+++ The input
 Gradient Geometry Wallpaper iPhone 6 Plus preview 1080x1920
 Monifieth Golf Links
++++++
+++ The input
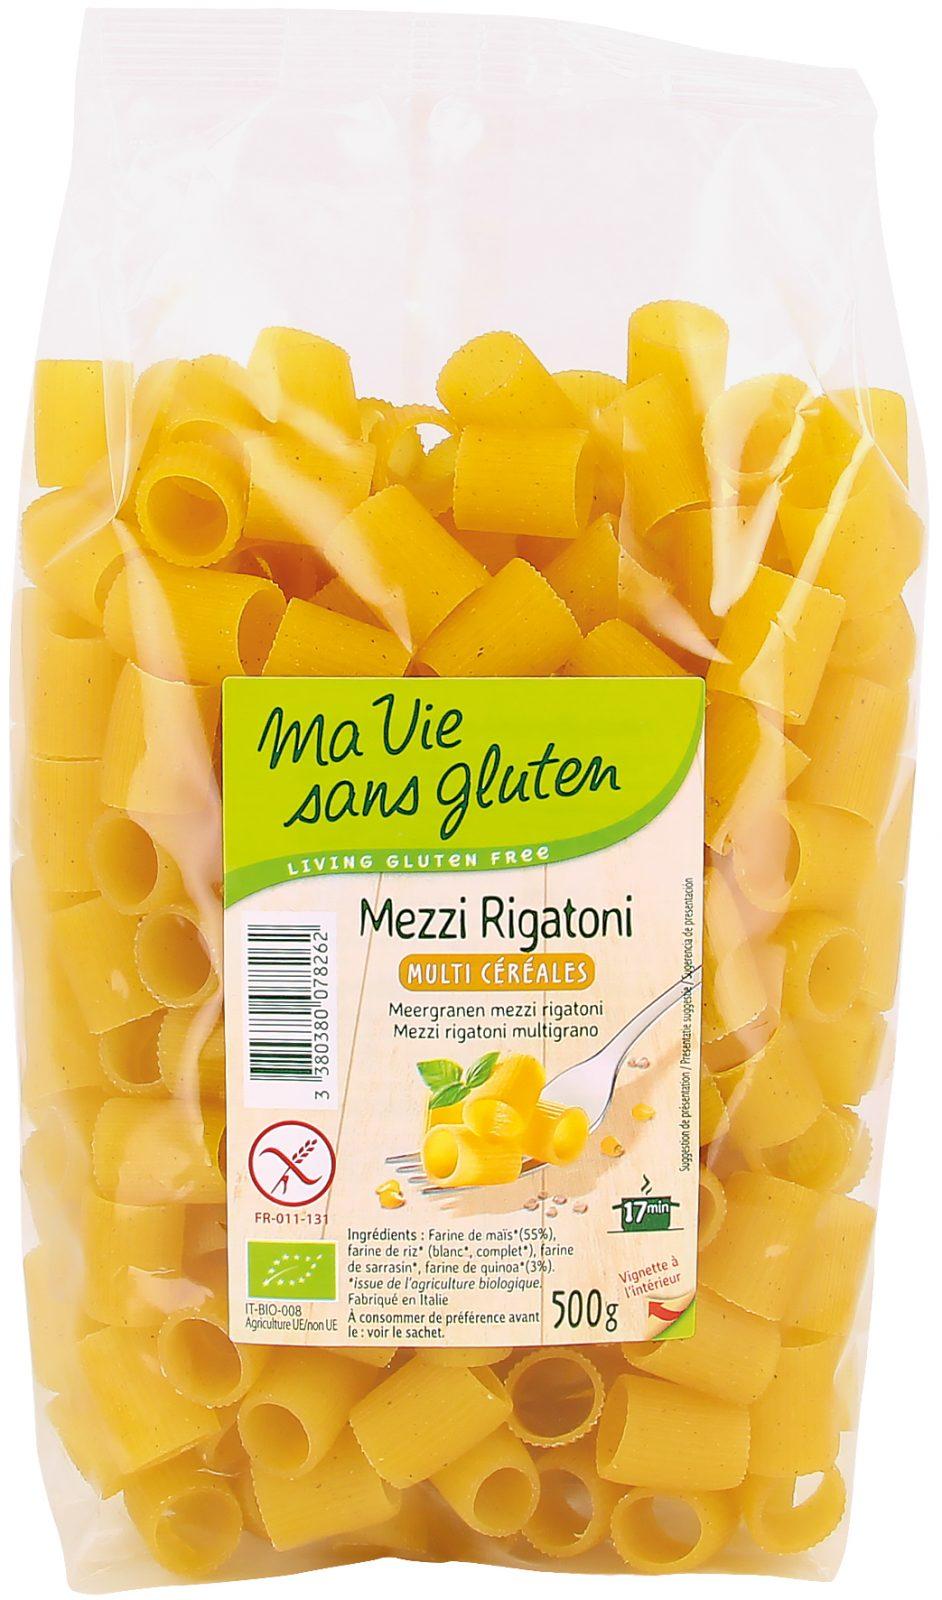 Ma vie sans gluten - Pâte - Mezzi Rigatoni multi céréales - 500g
++++++
+++ The input
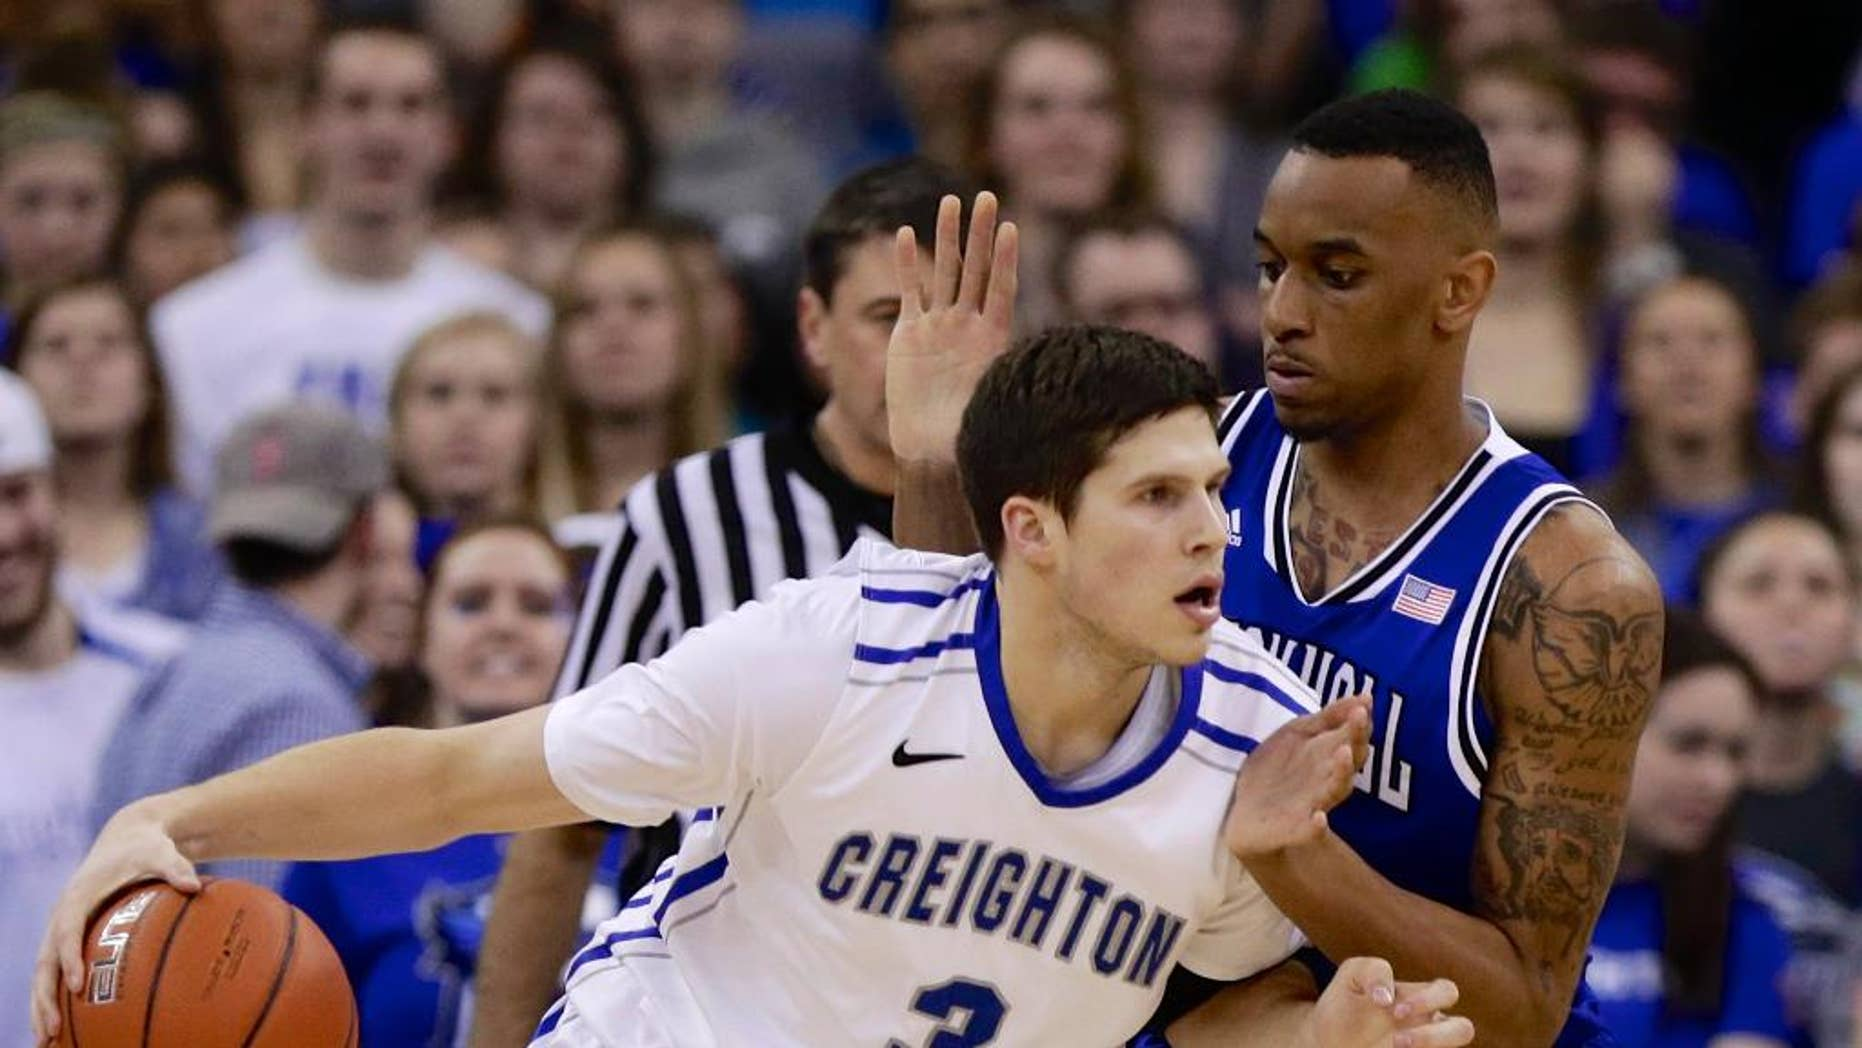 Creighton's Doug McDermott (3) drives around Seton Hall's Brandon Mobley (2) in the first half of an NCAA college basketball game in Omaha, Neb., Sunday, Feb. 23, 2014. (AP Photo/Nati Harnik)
++++++
◆ Task prompt:
Scan the listing above for the line that has "Gradient Geometry Wallpaper", then copy exactly from that line through the line that has "Monifieth Golf Links".

◆ Exercise answer:
 Gradient Geometry Wallpaper iPhone 6 Plus preview 1080x1920
 Monifieth Golf Links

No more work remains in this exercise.